Best way to temporarily power an Arduino from a 6V battery

Hello all! Here is my first post on the forums, I need some advice from the battery experts out there :)

I will be using an Arduino to monitor the rotation of a slow moving motor. The Arduino won't be doing much, just reading an encoder and counting. No LEDs or motors or anything. The motor is powered by a 6v SLA battery. I want to know if it is possible to power the Arduino from the motor's battery, and, if so, what is the best way to do it.

Thanks :)

The maximum voltage rating for the ATmega328 is actually 6.0V, but I might hesitate to power an Arduino directly from that. A quick and simple approach might be to put a diode like a 1N400x in series with the battery, it'll drop about 0.7 volts, things will still be a bit on the high side but I think should be OK. Or use two diodes, that'll get it down into the 4.5V range, where the MCU should still operate OK at 16MHz. Depending on the motor, I'd be prepared to provide some additional filtering, if the motor generates a lot of noise it's possible it could cause the MCU some difficulties. So I might try it without the motor running first if that's possible. If things look good that way, then put the motor back in the mix.

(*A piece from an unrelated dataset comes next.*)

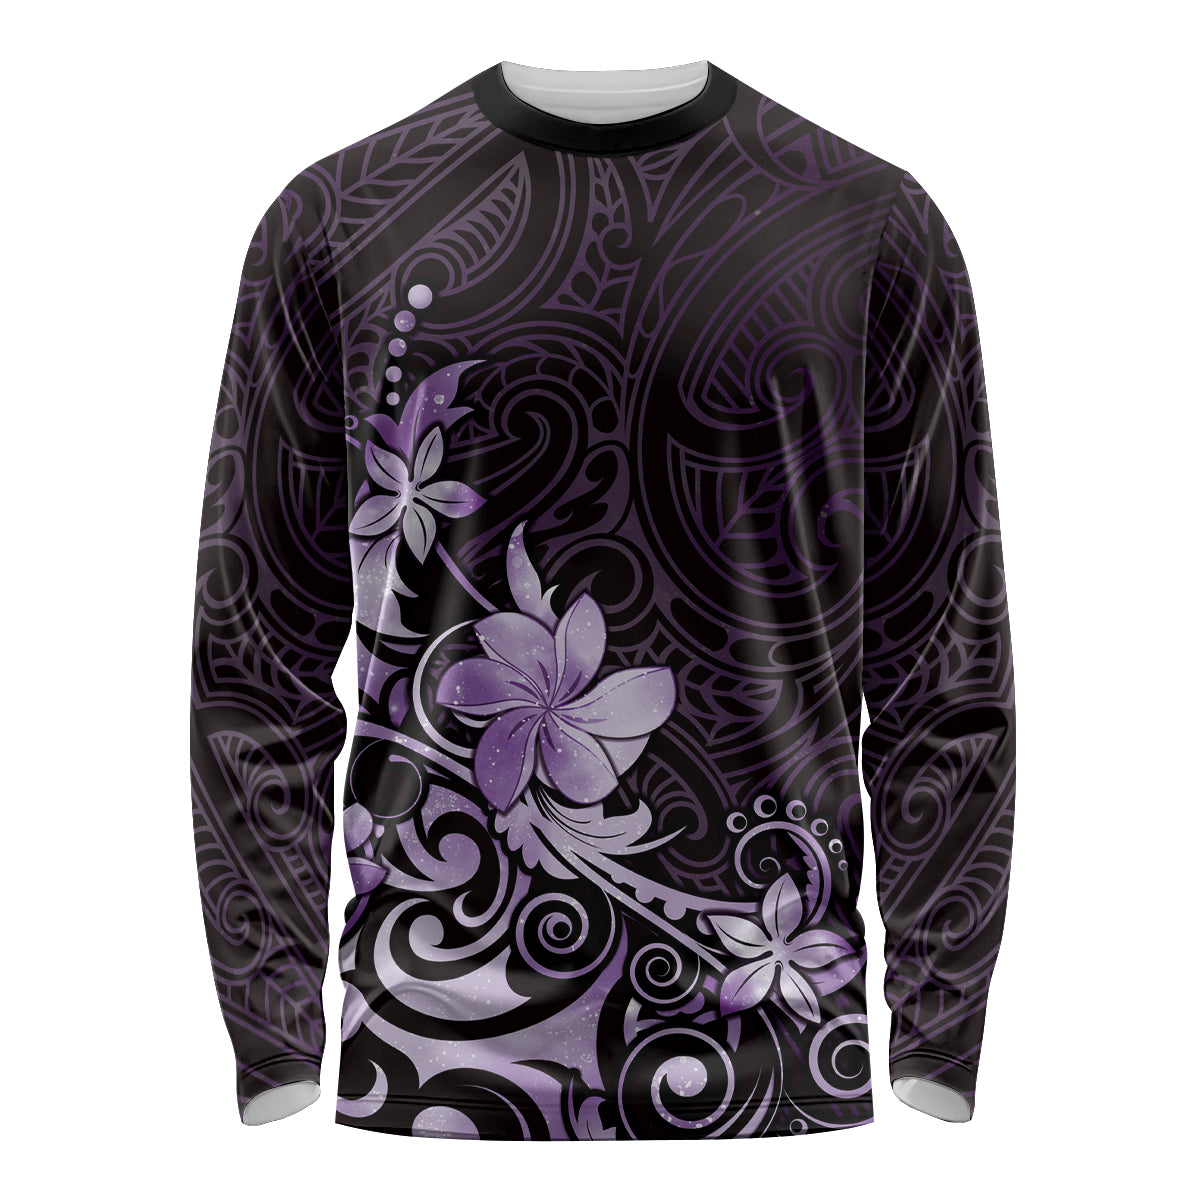 Matariki New Zealand Long Sleeve Shirt Maori Pattern Purple Galaxy

The series diode solution is simple, but bear in mind that when the SLA battery is on charge it will have nearly 7 volts across it, so you need to take account of this unless the Arduino is always disconnected during charging. I would use a 5v low dropout regulator such as the TL750L05CLPRE3 instead.

dc42: The series diode solution is simple, but bear in mind that when the SLA battery is on charge it will have nearly 7 volts across it, so you need to take account of this unless the Arduino is always disconnected during charging. I would use a 5v low dropout regulator such as the TL750L05CLPRE3 instead.

Mmmm, good point!

Hmm, I was under the impression that 6v was the lower limit (I'm using a nano, if that makes any difference) like it says on the nano spec page. Is there something I'm missing here? On the page, it says its recommended input voltages are 7-12v.

EDIT: The battery will always be disconnected when charging.

I'd just use the built in regulator. Worst case the 6v battery actually runs at 6v and the 2v dropout on the regulator gives you 4v. Every 328 chip I've run into (as well as every jeenode on the planet) runs happily at 3.3v 16mhz, 4v shouldn't be an issue.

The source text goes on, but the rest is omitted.